◆ **Data excerpt**
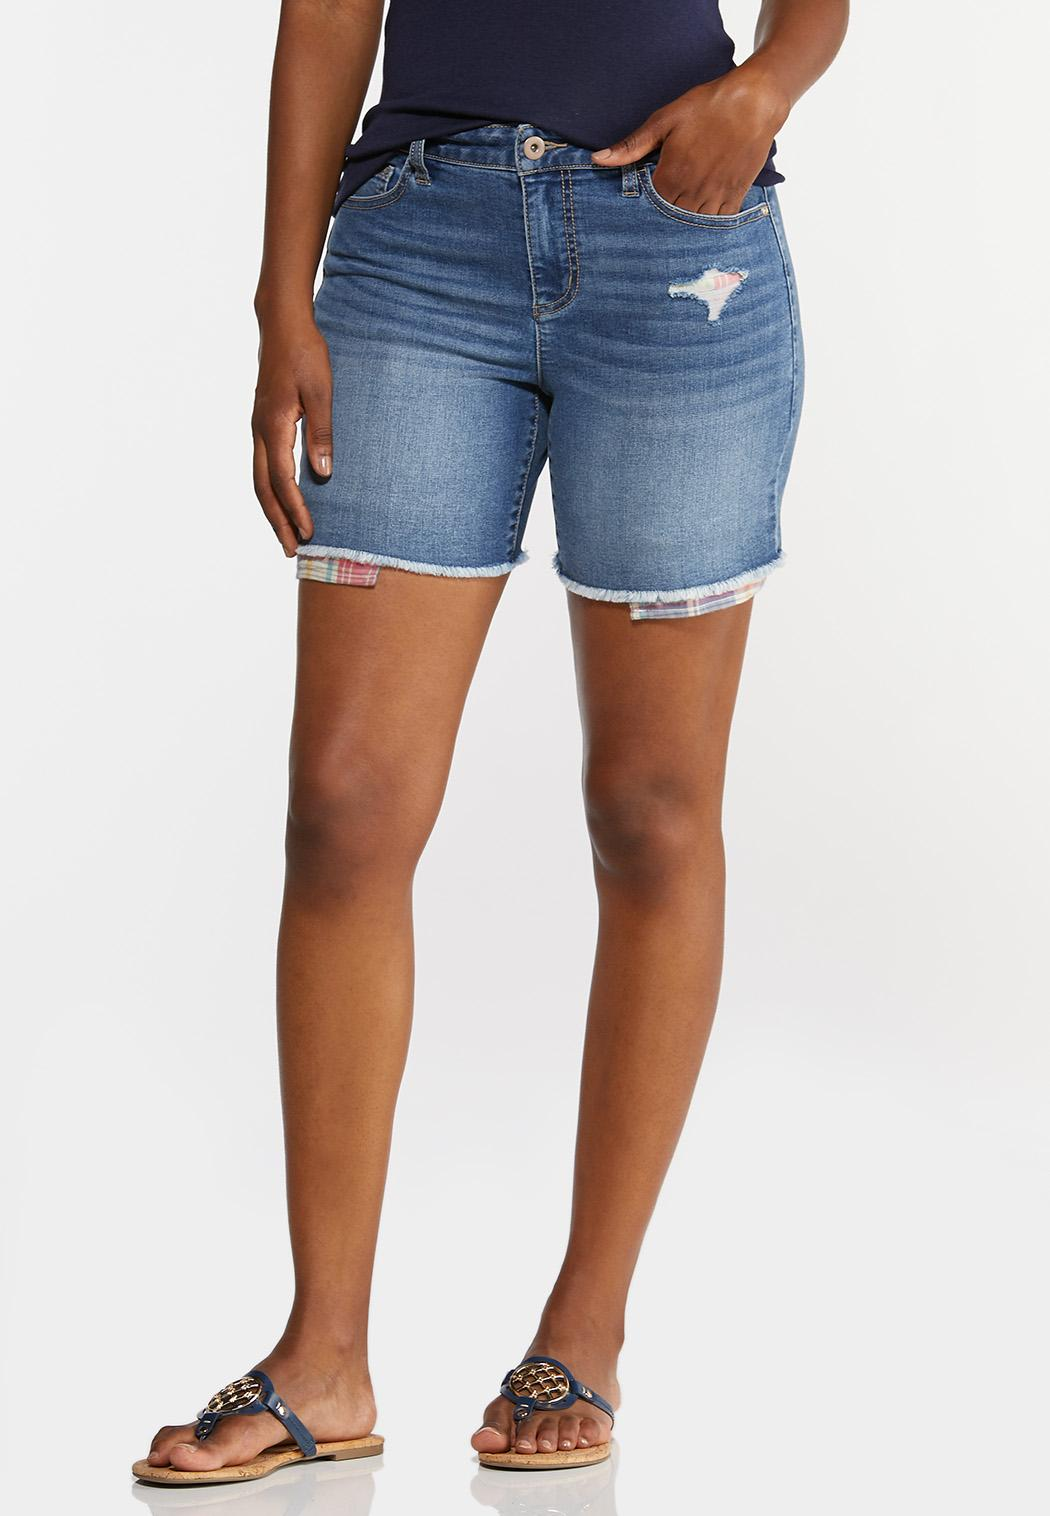 Peek-A-Boo Patchwork Denim Shorts
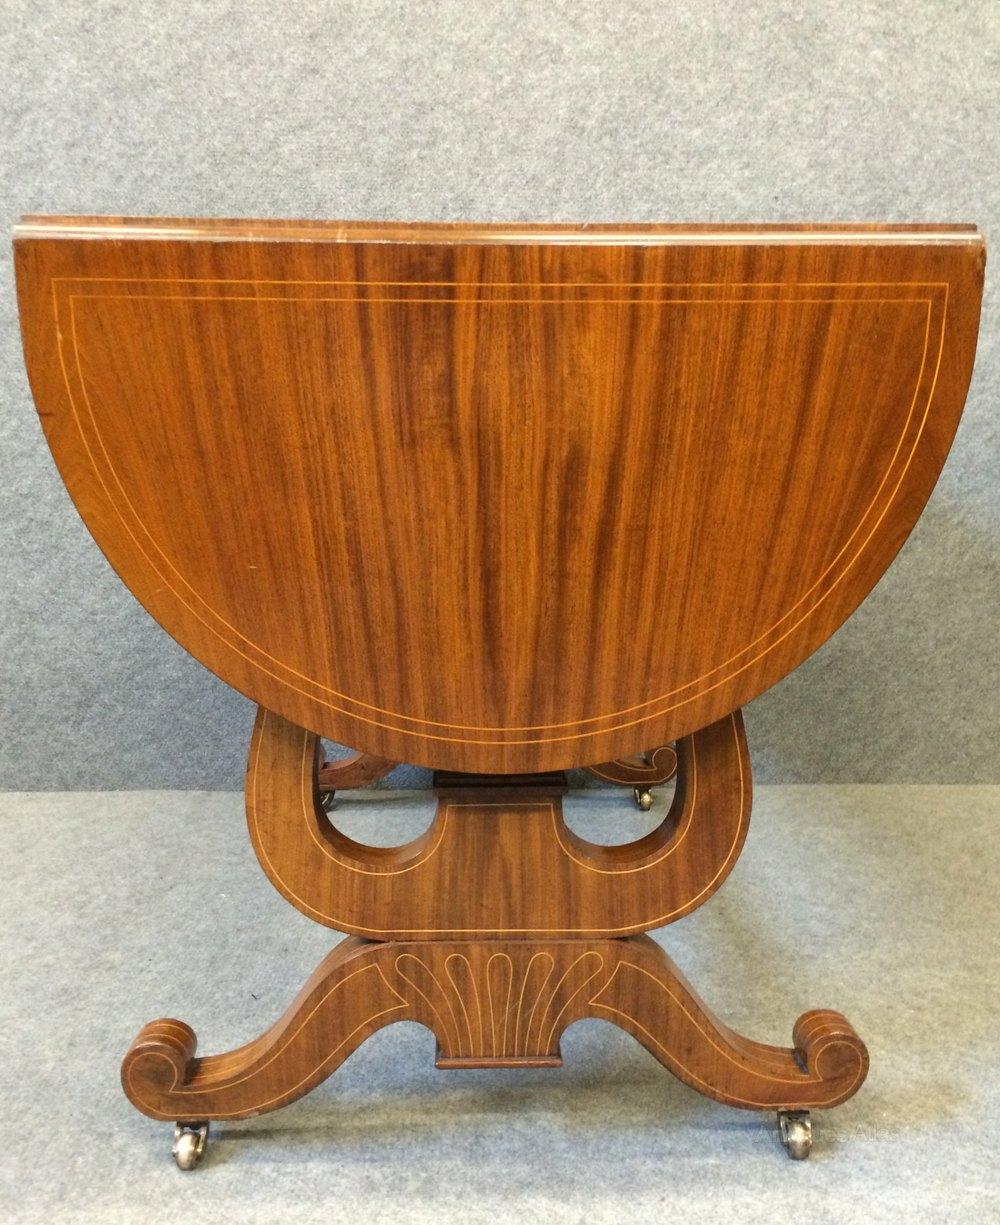 Antique sofa table - Biedermeier Sofa Table Antique Occasional Tables
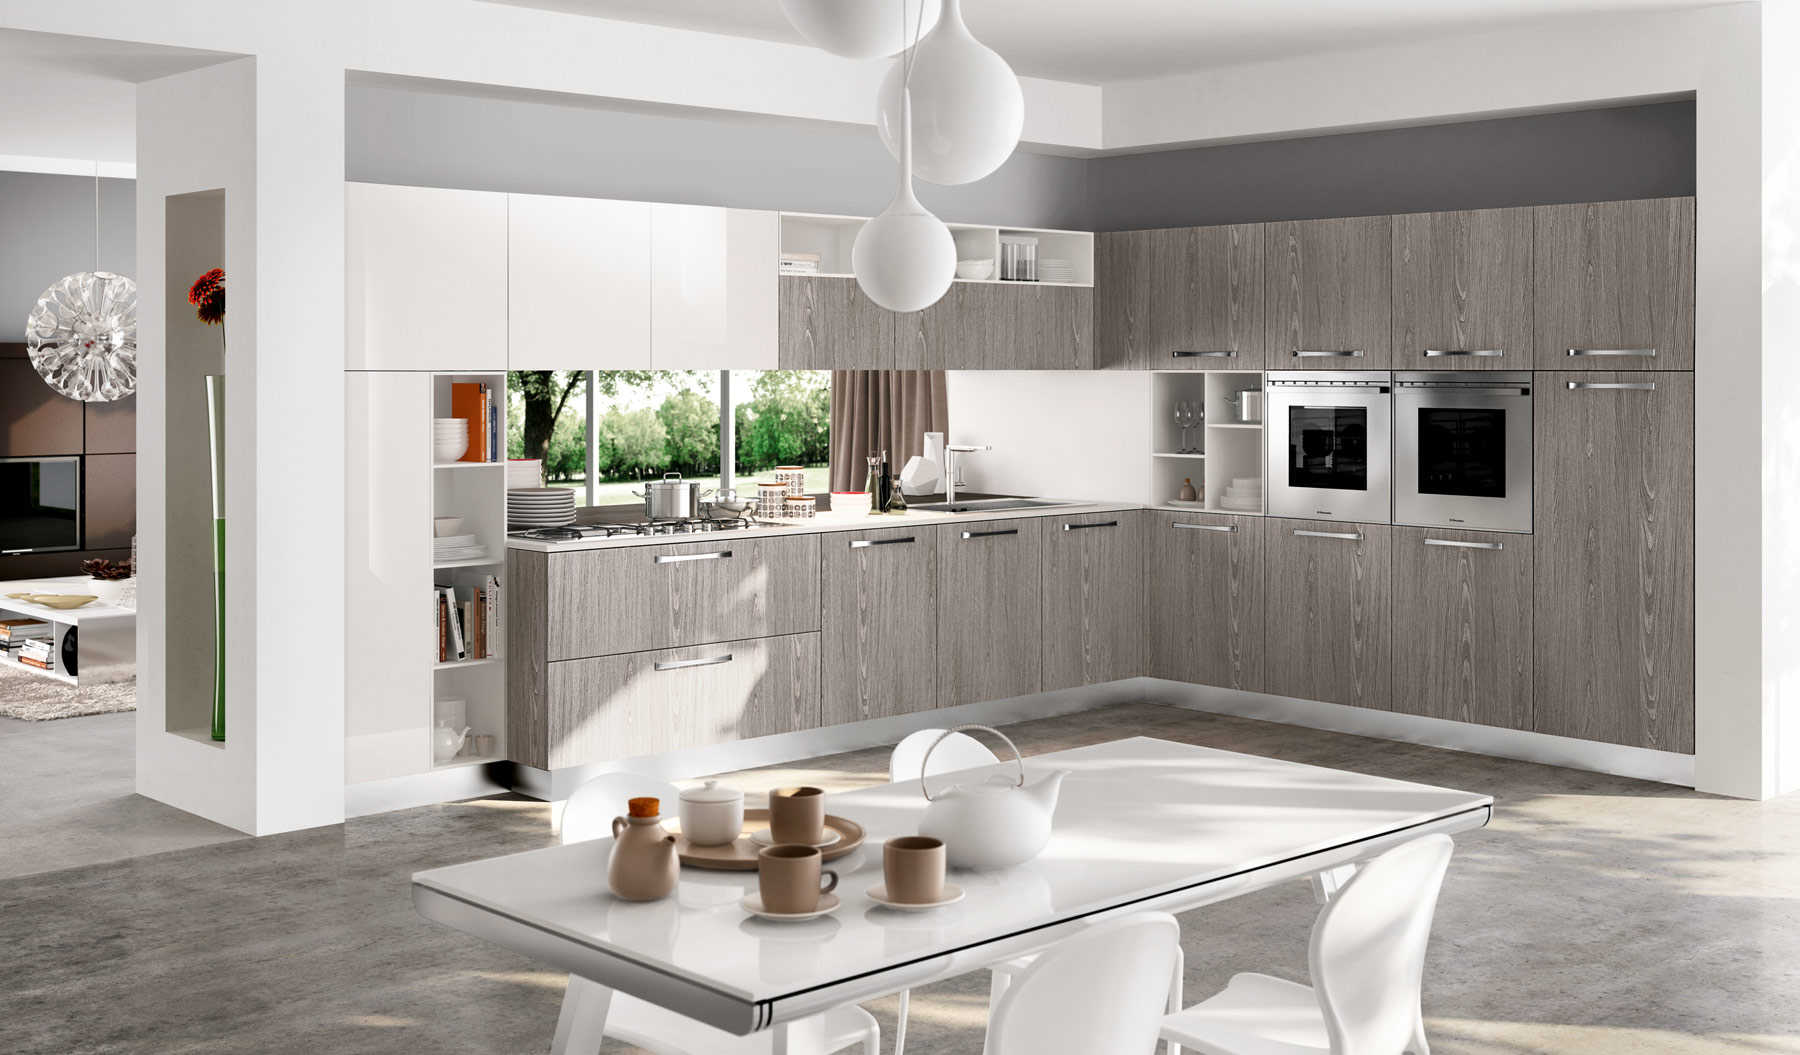 Emejing Riviste Arredamento Cucine Contemporary - Design & Ideas ...

◆ **Work instructions**
Write out exactly the lines running from the one with "Antique sofa table" through the end of the material, both ends included, while leaving the pictures out.

◆ **Answer below**
 Antique sofa table - Biedermeier Sofa Table Antique Occasional Tables
 Emejing Riviste Arredamento Cucine Contemporary - Design & Ideas ...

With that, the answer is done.